Based on the recommendations of the USDA (US Department of Agriculture and the Department of Health and Human Services), fat intake should not exceed 35 percent of your total daily calories.
It is also worth remembering that this fat consumption should come from monounsaturated and polyunsaturated fats.
Tips for getting good fat:
- Change butter with olive oil
- Use olive oil when making salads and Canolive oil while baking
- Replace high-calorie snacks with a handful of nuts as a snack
- Limit eating meat, especially red meat.
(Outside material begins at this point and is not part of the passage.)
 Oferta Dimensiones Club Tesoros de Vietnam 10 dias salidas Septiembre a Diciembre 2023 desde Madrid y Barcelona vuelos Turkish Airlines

Change the consumption of red meat with foods rich in omega 3, such as salmon.
Vitamins and Minerals
Vitamins and minerals are needed every day to regulate various processes in the body, help form energy and help the thinking process.
It is recommended to consume lots of vegetables and fruits every day (5-9 servings).
One serving of vegetables and fruit is equivalent to 40 calories.
Fruits and vegetables also provide fiber and phytonutrients for optimal health.
One easy way to live a healthy life is to fulfill daily fiber needs.
Some functions of fiber for health include:
- Speed up the process of removing food waste that is not absorbed by the intestine
- Streamline bowel movements to prevent constipation and Hemorrhoids
- For women who consume at least 25 grams of fiber per day have a risk of heart disease 40% lower than those who do not consume.
- Helps maintain ideal body weight. Fiber helps absorb fat and makes it full faster.
- Prevent the risk of developing diabetes.
People with type 2 diabetes can improve blood sugar levels in the body by consuming lots of fiber.
Fulfill your daily fiber needs by consuming raw or half-cooked fruits and vegetables. You can also add nuts and cereal to your daily menu.
Fruits with high fiber content include oranges, soursop, apples, and papaya.
Whereas long bean vegetables, beans, bean sprouts, broccoli, carrots, tomatoes, and kale contain 2-5 grams of fiber per 100 grams. Nuts and cereals contain 4-10 grams of fiber per 100 grams.
So that you get Optimal Fiber:
- Choose fresh or whole fruit instead of being consumed by juicing.
- Change rice, bread or pasta with brown rice or whole wheat.
- Replace meat soup with pea soup 2 to 3 times a week.
Thus various important nutrients needed by the body that need to know the dose before you go on a diet to lose weight or to get the ideal body weight.
Hopefully, the information above is useful for your healthy diet program.